It’s rare to find a Republican lawmaker who thinks highly of a new federal tax proposal. Enter Lindsey Graham from South Carolina. In recent days, the fourth-term senator has hinted that he may introduce a carbon-import tax. The proposal is billed as a clever way to stick it to Chinese polluters. According to some sources, the measure might be assigned a title that avoids using the word “tax.” OK, fine. Call it a something less provocative . . . a carbon-import levy, or a carbon-import fee. What’s in a name?
The same concept is being considered by several foreign governments. The European Union has already adopted a version of the plan, known as the carbon border adjustment mechanism (CBAM), scheduled to take effect in 2026. Yikes! It sounds like Graham is both an environmentalist and a proponent of higher taxes. Not so fast. The reality is more complicated.
The gist of the proposal is that it would be helpful for the U.S. government to encourage consumers to select greener alternatives when faced with purchasing decisions. If a special tax were applied to environmentally unfriendly imports, it would drive up their retail price — making it less likely that people would buy them. Because the special tax would apply only to specified imports, it would need to be administered by U.S. customs officials, not the IRS. Functionally, it’s no different from a tariff.
Moreover, there’s a massive difference between a genuine carbon tax (which includes a border adjustment mechanism) and the idea that’s being floated on Capitol Hill (which is only the border adjustment piece). A true-to-form carbon tax would be neutral as to source. That is, it would apply to all carbon-intensive goods, irrespective of where they were made. It would hit domestic production as well as imports. Politically, that’s a hard sell. Economists cherish the concept of neutrality; politicians, not so much.

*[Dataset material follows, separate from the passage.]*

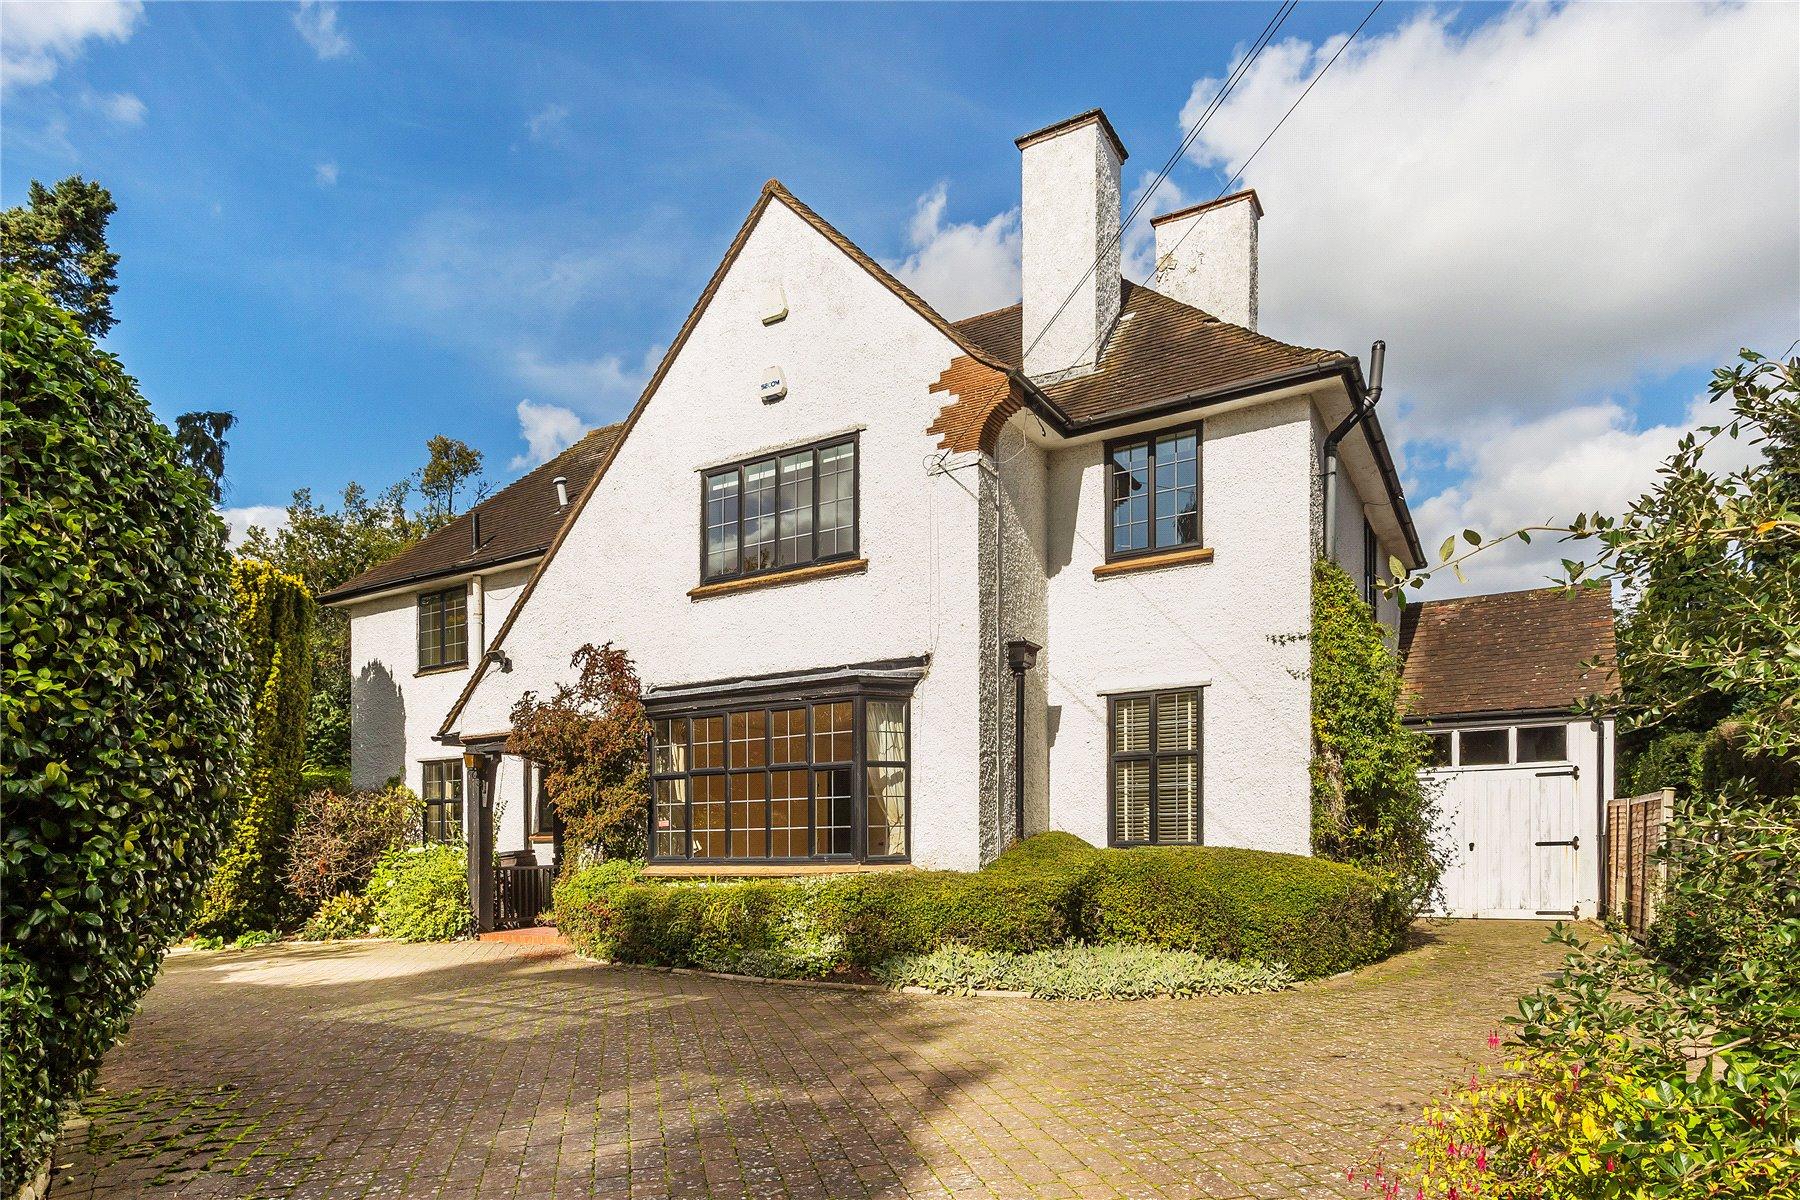 4 Bedrooms Detached House for sale in Ashwood Road, Woking, Surrey, GU22

Other countries’ carbon taxes feature border adjustments for the same reason their VAT regimes do. Both are destination-based charges. A carbon-intensive product that is exported should receive a rebate, knowing that it will pick up the appropriate charge once it enters the destination jurisdiction. This avoids duplication. In fact, the overall design of the CBAM loosely resembles a VAT regime, except that the tax base is narrower — it relates to a good’s carbon footprint rather than the incremental value added through each stage of production.
The problem for policy wonks is that what’s being discussed in Washington leaves out the carbon tax itself. That’s a heck of an omission. For something to qualify as a legitimate border adjustment, there needs to be a domestic carbon tax structure behind it. That’s noticeably lacking here.
Advocates of the measure claim that it can be justified because of the costly array of environmental regulations that U.S. manufacturers must contend with — and which are absent in lightly regulated places such as China. What the United States lacks in a domestic carbon tax is effectively made up for by regulatory compliance costs. This conflates tax costs with nontax costs in a way that our trade partners will not appreciate. In this sense, the thing that our border adjustment would be compensating for is that other countries' producers aren’t subject to Environmental Protection Agency regulations.
That’s a stretch. Again, the carbon border adjustment is just a tariff, plain and simple. And it might violate WTO obligations depending on how it’s structured.
That being said, a lot of people would argue that there’s a rational place for tariffs in a country’s trade policy. And if Congress eventually chooses to go the route of more tariffs aimed at China, that’s its prerogative. But let’s not mislabel our tariffs in the hope that people will think they’re something they’re not.